This morning, Doree roused herself at an ungodly hour to attend a panel discussion called "Do Newspapers Have a Future?" at the W Hotel in Midtown, with the New Yorker's Ken Auletta lobbing questions at Times Washington bureau chief Dean Baquet and McClatchy CEO Gary Pruitt.

  • The W opened in 1998, and the hotel feels frozen in a late-'90s time capsule of blond wood and blandly pulsating music. Kind of like the newspaper industry!
  • There are lots of PR people from the New Yorker here.
  • Oh, S.I. Newhouse!
  • And David Remnick.
  • And Conde Nast chief communications officer Maurie Perl. Dogs are discussed. Hers, a Scottie, came with the danger of rectal tumor.
  • The Observer's Michael Calderone needs rescuing from the other side of the room. He is invited to the kids' table with Portfolio's Gabe Sherman. ICM's Sloan Harris asks Gabe when Portfolio is launching.
  • Gary Pruitt and Dean Baquet keep talking about how more people than ever are reading newspapers, if you count online readers. No one really seems to have any great ideas about how to make money off them, however.
  • Dean Baquet makes sure to mention the Times-Picayune not by name, but as a Newhouse paper.
  • Ken Auletta calls Gary Jeff by mistake, and says it's because he's looking at fired LAT publisher Jeff Johnson, who is now working for Ron Burkle, who might be buying the LAT.
  • Gary/Jeff gives a newspaper history lesson.

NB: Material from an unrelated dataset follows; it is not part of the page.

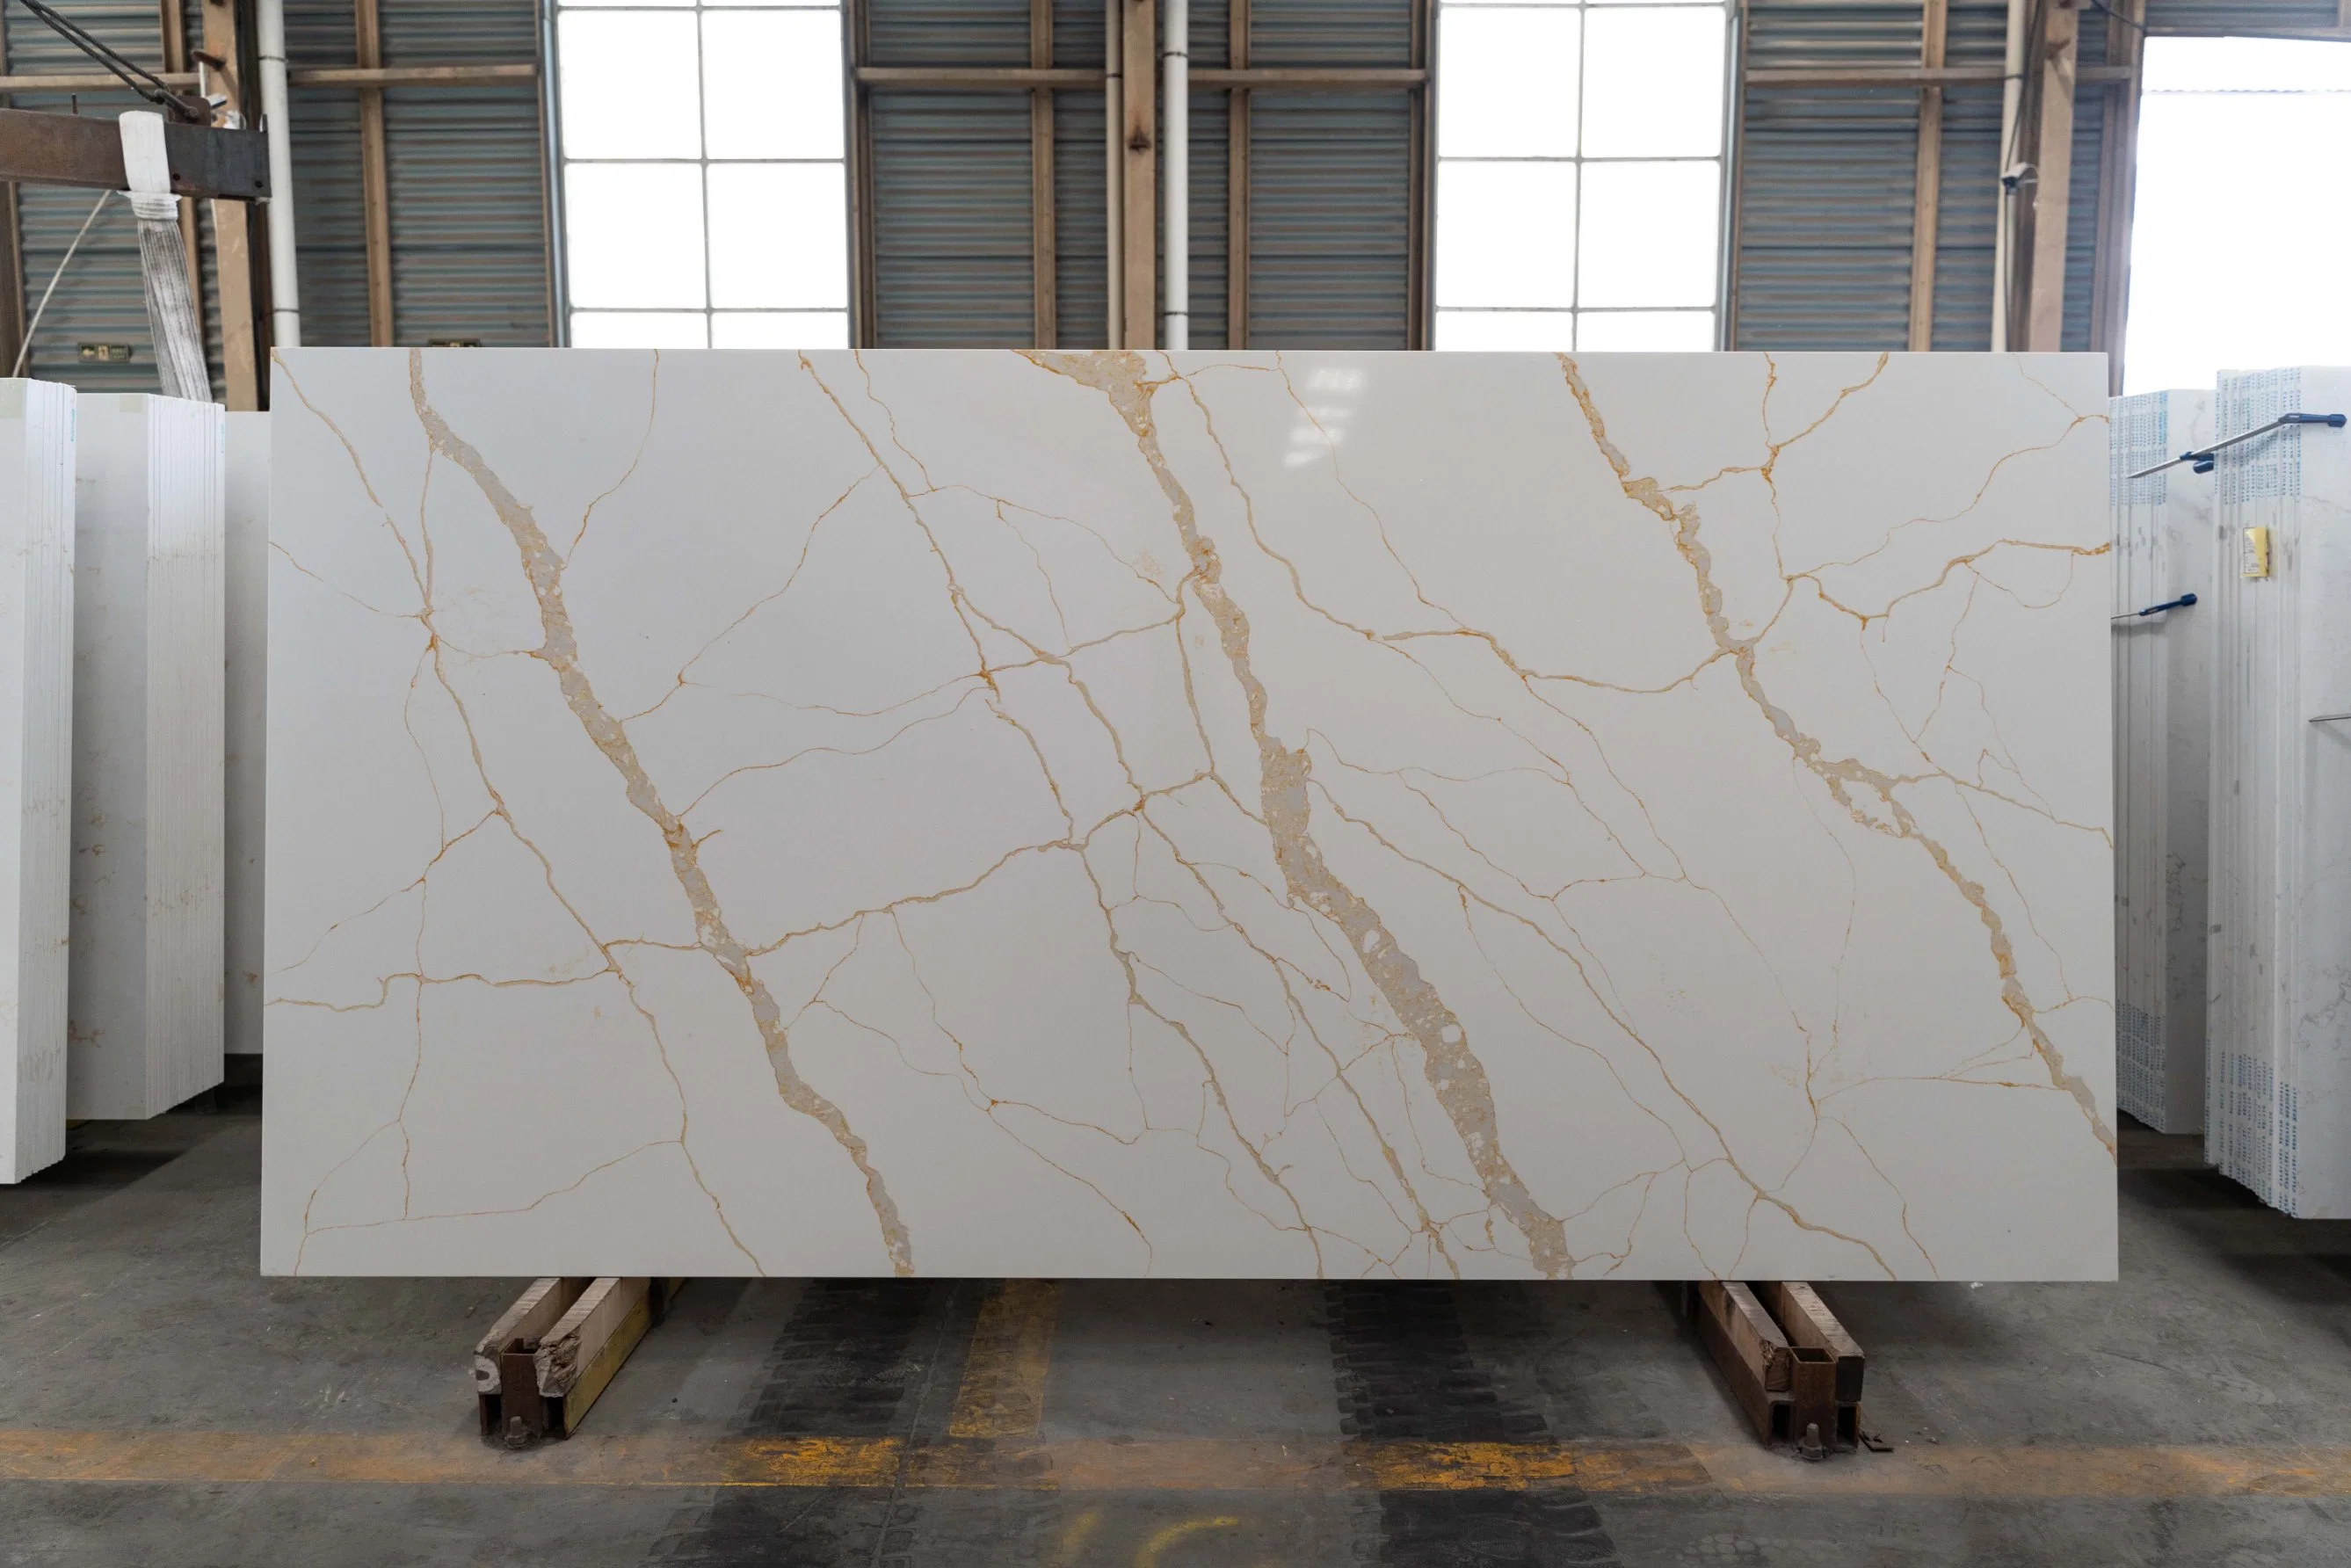 Polished Artificial Quartz Stone for Countertops/Vanity Tops/Hotel Design with Solid Calacatta Surface

  • They discuss young people. They seem strangely optimistic about them. The kids table feels awkward.
  • Ken Auletta gently reminds Dean Baquet that he tried to make the LAT into a national newspaper, and failed.

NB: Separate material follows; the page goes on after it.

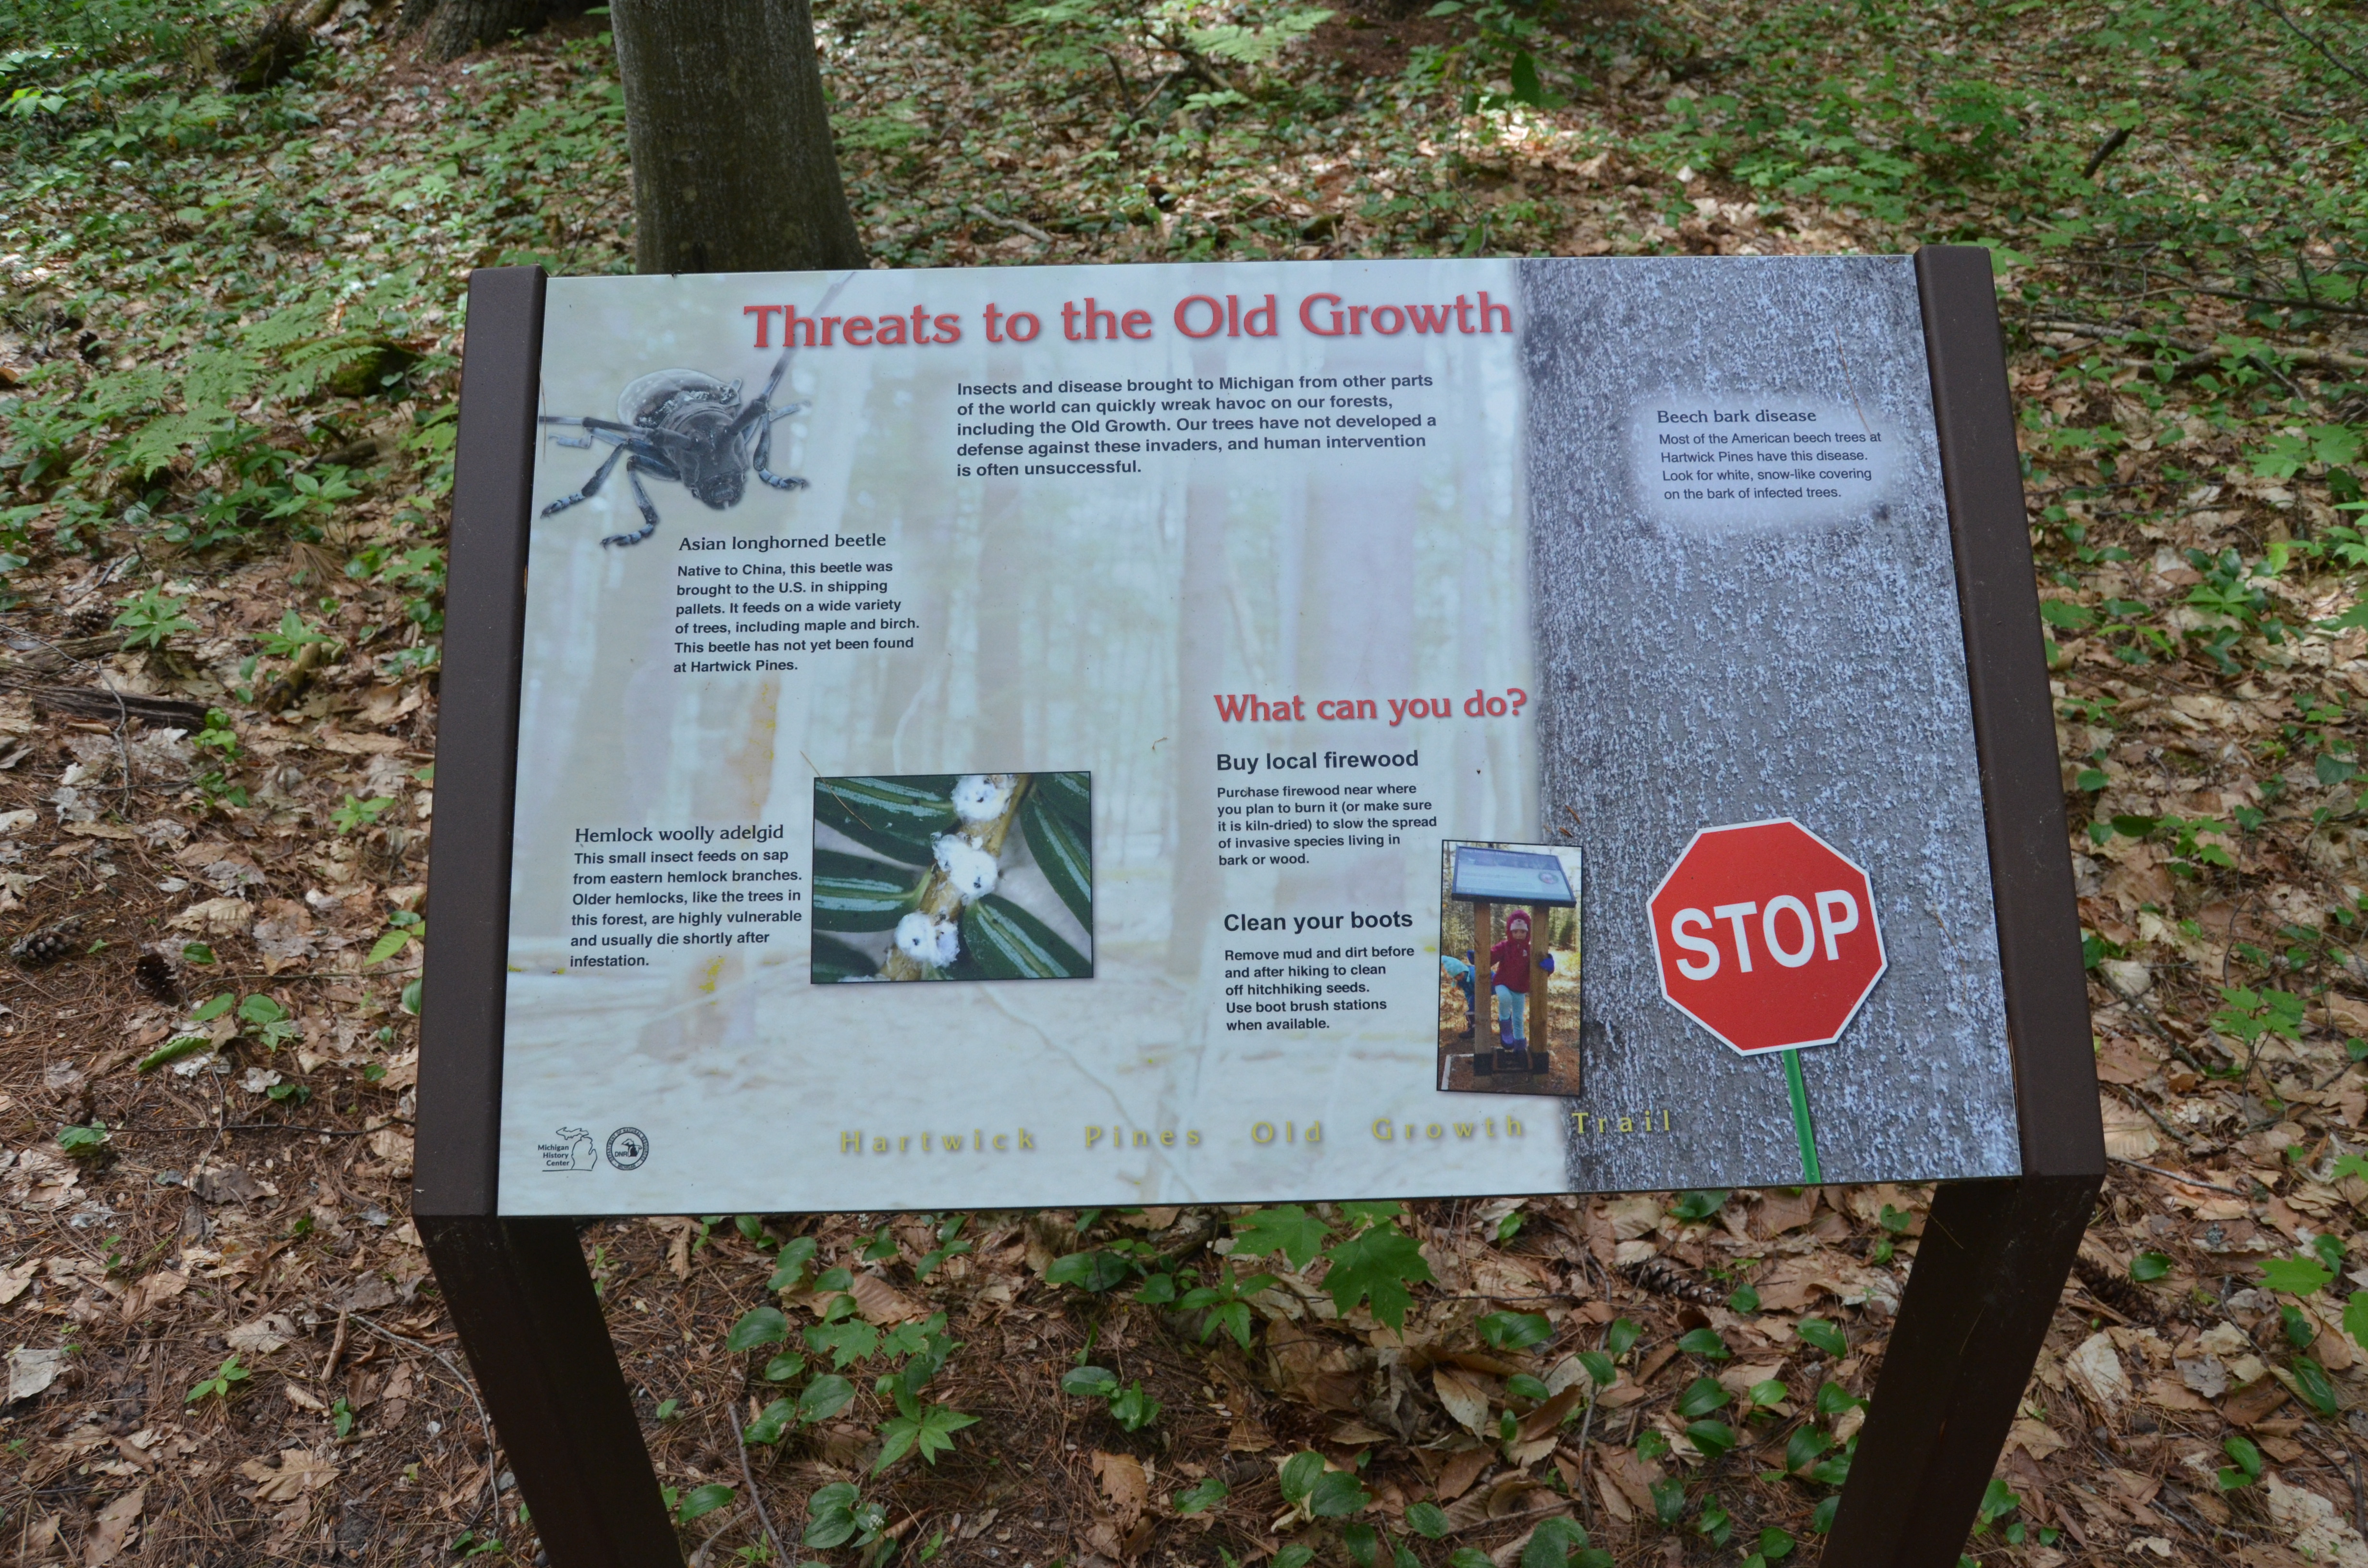 Hartwick Pines State Park Threats to Forest

  • Gary Pruitt utters the phrase, "speaking truth to power." Then he says something about giving a voice to the voiceless. And finally: "Good journalism is good business."
  • They discuss why McClatchy sold off the Philadelphia Inquirer and the Minneapolis Star-Tribune.

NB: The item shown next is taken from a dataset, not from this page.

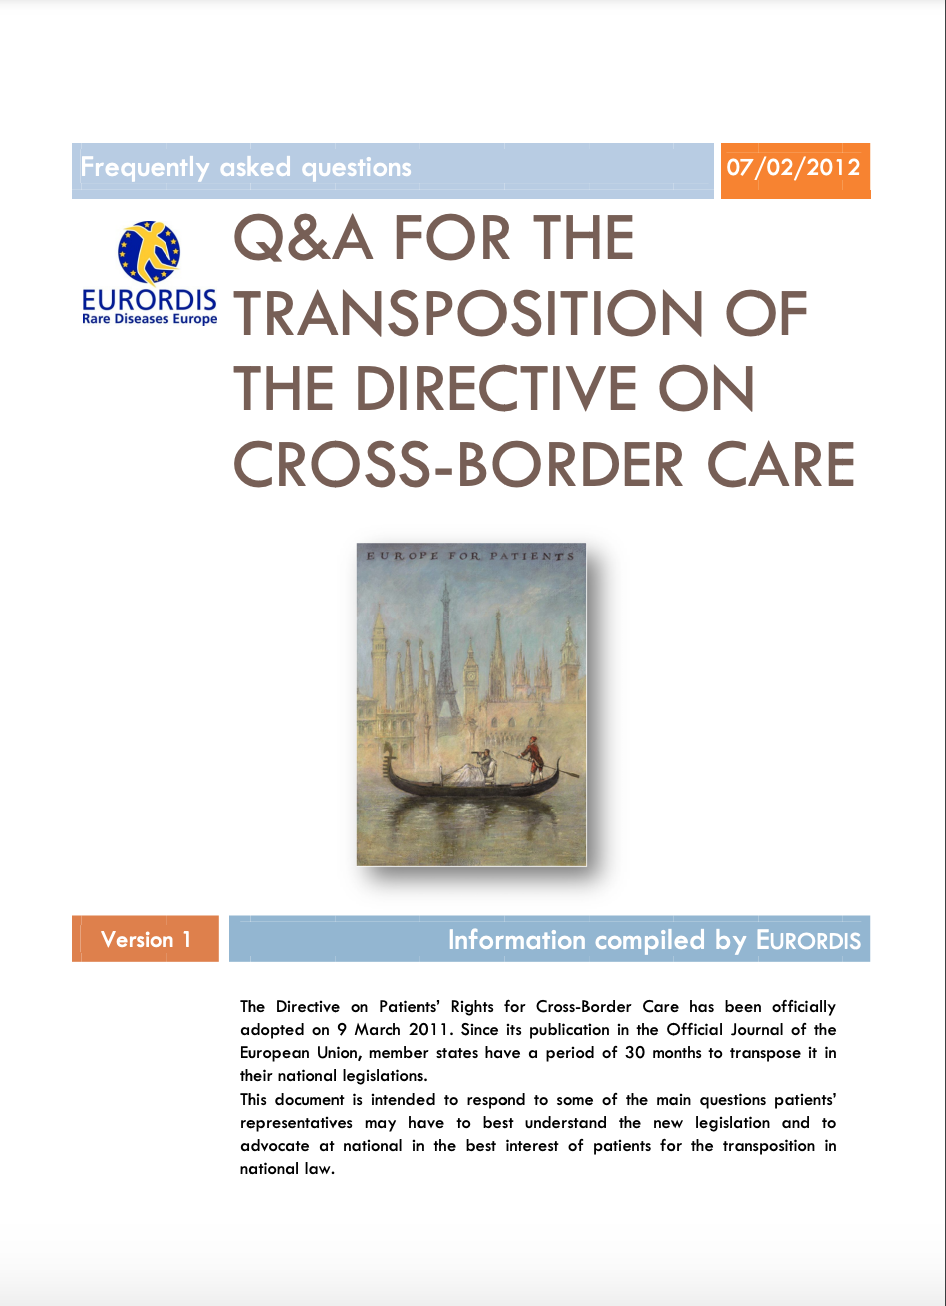 Q&A for the transposition of the Directive on Cross-Border Care

  • Jeff Jarvis asks the panel why they are optimistic about journalism, and takes the opportunity to inform the audience why he is optimistic about journalism.
  • Victor Navasky asks a Marxist question.
  • Dean Baquet says that Op-Ed pages are basically fucked.
  • Does anyone else find it odd that a roomful of journalists are applauding for Jeff Johnson, who just a year ago was considered an evil Tribune hatchet man? Anyone? Oh, well, everyone changes. OR DO THEY.
  • Lloyd Grove asks a question, and identifies himself as "Lloyd Grove, freelancer."